Relaunch

I’m relaunching this blog — no longer cycling only (it’s not like I was actually posting to it previously, so I’m not sure why I need to state why). I just want a forum where I can hold myself accountable for my strives to make myself healthy. I’ve noticed little things: I might be slightly winded after walking up 3-4 flights of stairs, I’ve been resetting my alarm clock more & more when it goes off in the morning, I’ve been allowing myself a coffee roll anytime I refill my gas tank (sometimes stopping at a Sheetz or Turkey Hill when my tank is 7/8 full).

Diet Plan

I’m not doing anything like Weight Watchers. At it’s core, I actually really like the Weight Watchers approach (I know many in the HAES community (and I count myself among the HAES supporters) don’t think it’s a good program — but I think anything that makes you think about the food you’re putting into your system is a good thing — sure, I think there are downsides by selling processed foods & I’d love to see them concentrate less on “weight” — but it’s an easy to follow program that I believe can do anybody a lot of good if you make sure that the “points” you’re eating aren’t empty and you don’t ever weigh yourself), primarily because I don’t give a shit about my weight. If I weigh 350 pounds, so be it, as long as I can do the things I enjoy doing (walking the dogs, cycling, and I’m sure that will include playing baseball/basketball with my children once they’re actually able to play) without having to take a break every few minutes.

My plan for eating is going to be quite simple:

  • As much fruit for breakfast as I want. For the most part, I’ll go with in-season fresh fruit — I love it, and to quote a line from The Biggest Loser (a show that I’m quite ashamed of myself for because I started watching it), nobody ever became obese from eating fruit & vegetables. If fresh fruit is prohibitively expensive, I’ll allow applesauce. But, for the most part: citrus in the winter; berries/cantaloupe in the spring; peaches/plums/berries/watermelon in the summer; apples/pears in the fall; grapes/bananas all year long.
  • Reasonable lunches (one of the biggies at the office — if I’m having a crappy day, I tend to take it out on my stomach): vegetables (carrots, tomatoes, celery, broccoli, peppers, cucumber) with hummus, guacamole, tuna salad, peanut butter, cheese, soup, or anything else that isn’t overly processed. Here, I’ll think about my portions, but I won’t limit. When it’s truly nice out, and I’ve biked to work, I’ll allow myself whatever I’d like from wherever I want — as it’s a 2 mile walk to the closest restaurants (that’s after biking the 20 miles to work).
  • Fruit/vegetable snacks throughout the day as needed.
  • Keep gum at my desk if I realize that I’m dealing with oral fixation but am not hungry
  • However dinner plays out, it plays out. I’ll be conscious of what I’m eating — trying to limit fats & excessive portions, always piling on veggies when possible.
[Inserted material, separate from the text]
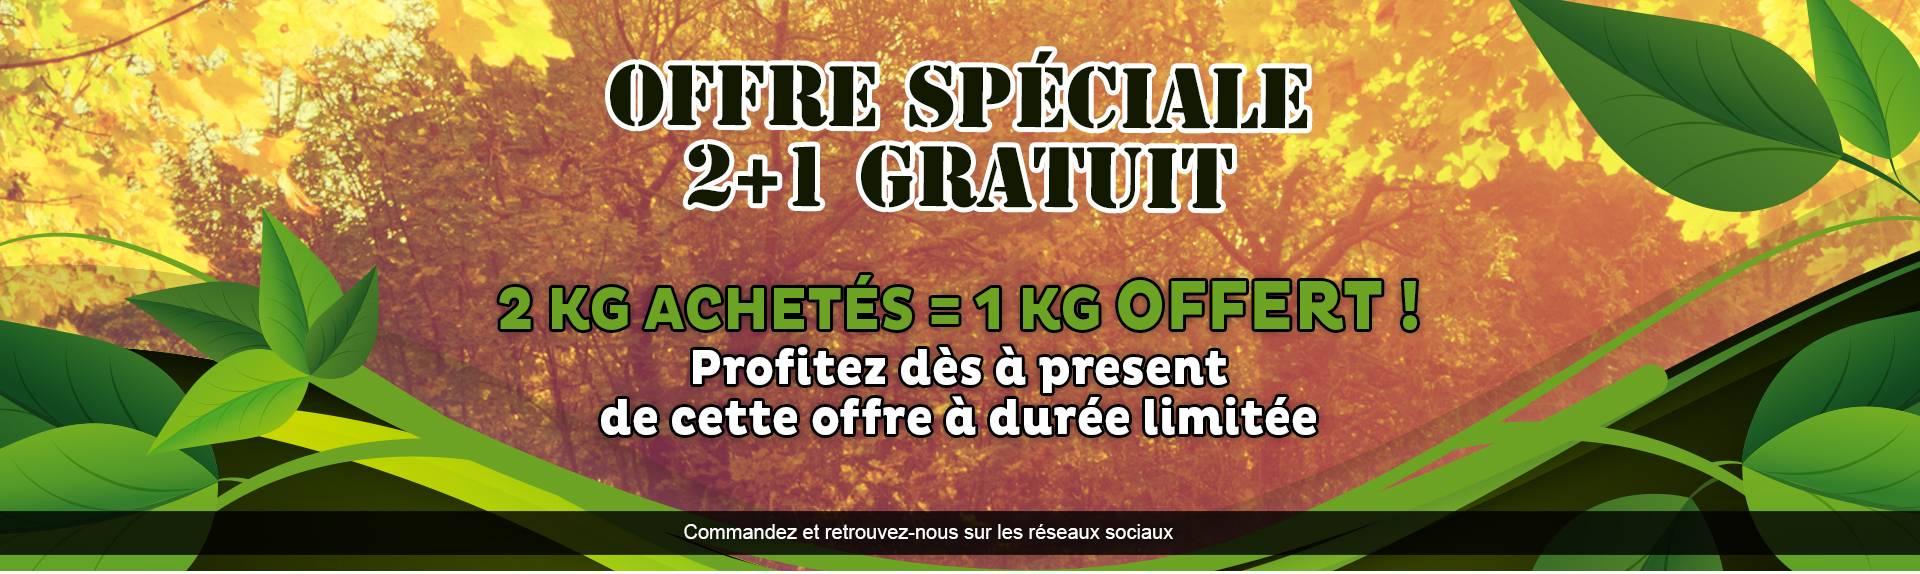 Offre spéciale 2 achetés = 1 gratuit

My hope is that the morning fruit will curb most all of my sugar cravings, and some discipline at the office will keep me from snacking on “snackfoods” throughout the day (goldfish crackers have been my weakness thus far this year). I do not want to get into the eating plan I was in prior to my wedding (see details here). I did really, really well on that plan — but once I deviated from it in the slightest, I had a really hard time righting the ship. My goal for the office – fruit & veggies in abundance . . . all other options should be “mostly healthy” and in moderation.

Workout Plan

Those of you who know me know that I’m not exactly a n00b to working out. I bicycle. I bicycle a lot. On a good week, I’ll log somewhere between 200 & 300 miles on the open road. On a really good week, that number climbs to 500 miles. But, I’m not sure I’ll be able to keep that up with an infant in the house & newborn on the way. So my plan here is simple: some measurable physical activity each & every day. Walk the dogs every morning, except when the weather says that it’s not possible (don’t yell at me for not walking the dogs when the weather is crappy, they want to walk in the rain & snow even less than I do). Bicycle to/from work when it’s feasible. Alternate running & spinning for days that it’s not . . . and for those days when my body continues to say “you need more sleep”, allow the dog walking to suffice. I know that leaves open those days when my body protests & it’s raining out, but I’ll navigate that tripwire when the time comes.


So, welcome to the blog. Hopefully, I’ll keep this running.